Collaboration driving change
This is not just a Newcastle project. Weekly collaboration brings together computer scientists, statisticians, health economists, environmental scientists, and housing officers. The London School of Hygiene and Tropical Medicine provides a public health perspective rarely integrated into housing projects.
As Rogage stresses: “We couldn’t do it without collaboration. It stops us working in silos and gives a holistic view of the problem.”
The ambition is to create a nationally relevant framework. The methodology and data schema will be published openly, offering housing providers a blueprint for measuring the real-world impacts of retrofit on both homes and health.
Why this matters for the housing sector
The implications are significant. The Social Housing Decarbonisation Fund (SHDF) is investing heavily in retrofit, but if works create unintended health harms, providers may face legal, reputational, and financial risks. The IN2AIR study demonstrates that the sector must go beyond EPC ratings and energy use and make health and wellbeing a central measure of success.
As Jenny Danson reflected at the close of the discussion,
“Retrofitting is often done with the very best of intentions. But if we don’t think about ventilation, indoor air quality and how people actually live, we risk creating new problems while trying to solve old ones.”

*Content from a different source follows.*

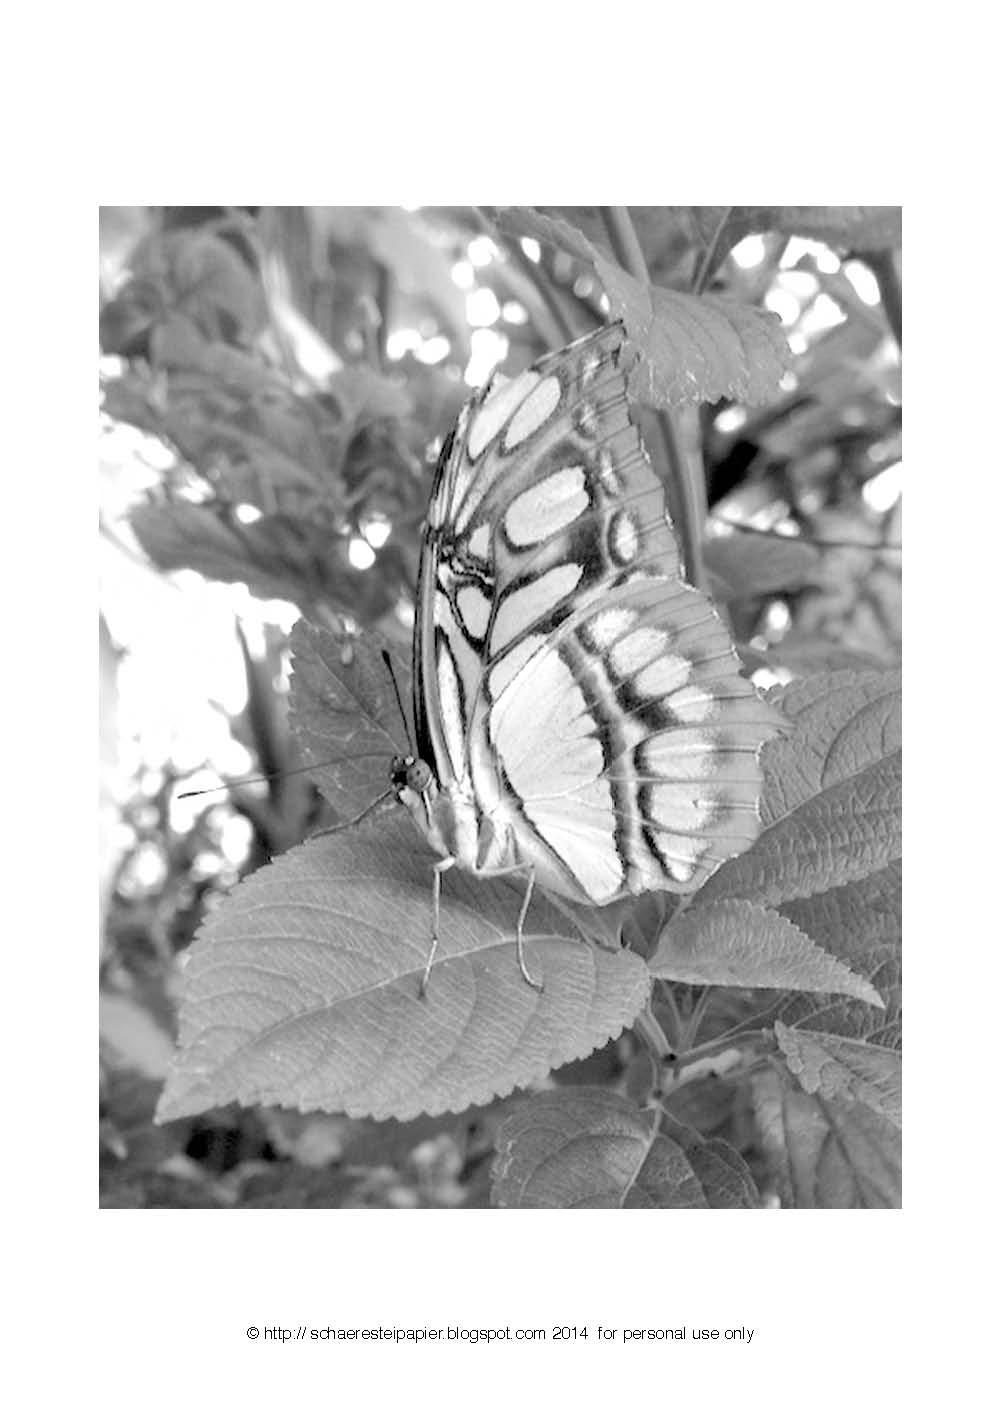 Malvorlage Schmetterling - Ausmalbilder - malvorlagen schmetterlinge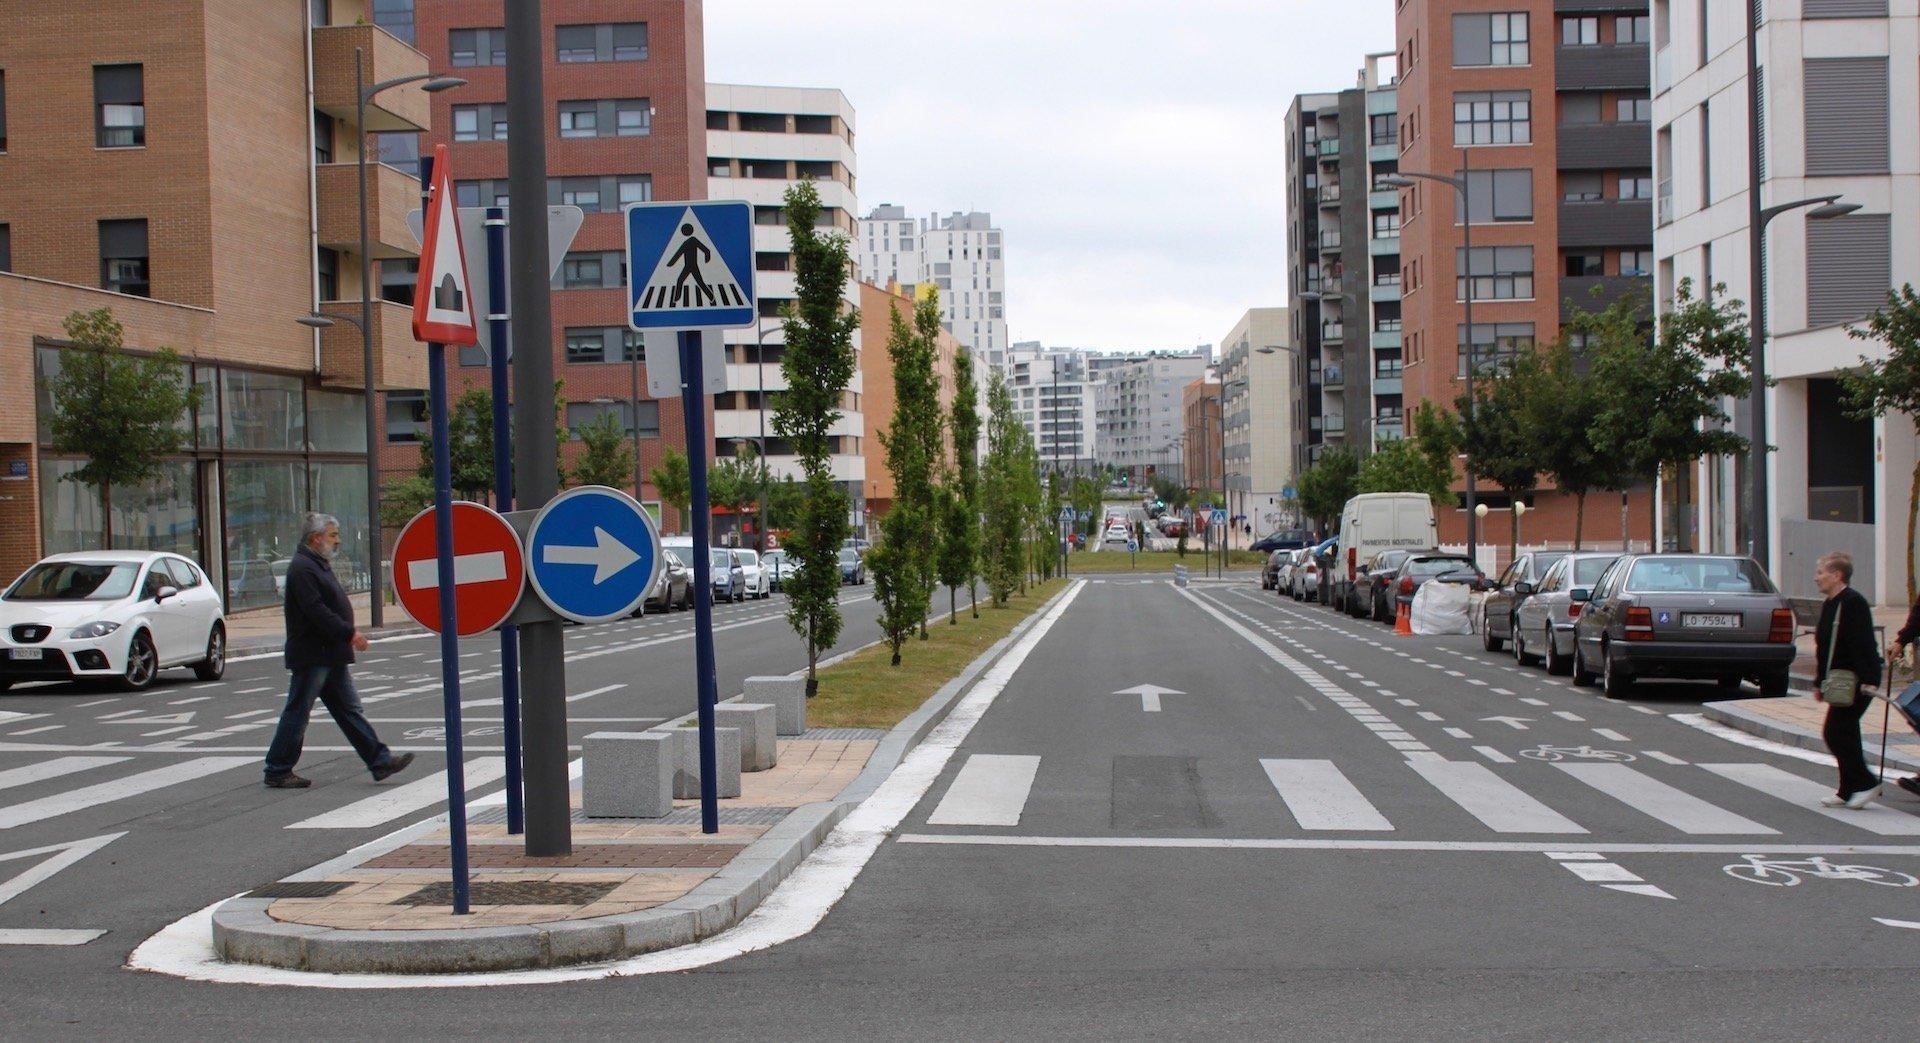 Eine leere Straße. Hochhäuser im Hintergrund.

Practical steps for housing providers
For organisations preparing or delivering retrofit programmes, the In2Air study offers valuable lessons:
Measure what matters: Incorporate indoor air quality and resident health indicators alongside energy use in monitoring frameworks.
Engage residents early: Build participation and feedback loops into retrofit design, not as an afterthought.
Simplify technology: Choose systems that work in the background, with clear, accessible instructions for all tenants.
Tailor communication: Replace generic information packs with personalised, practical advice at each stage of retrofit.
Collaborate widely: Link housing, health, and academic expertise to develop more holistic retrofit strategies.
Healthy, energy-efficient homes are possible but only if health is placed at the heart of retrofit. The In2Air project is showing us how.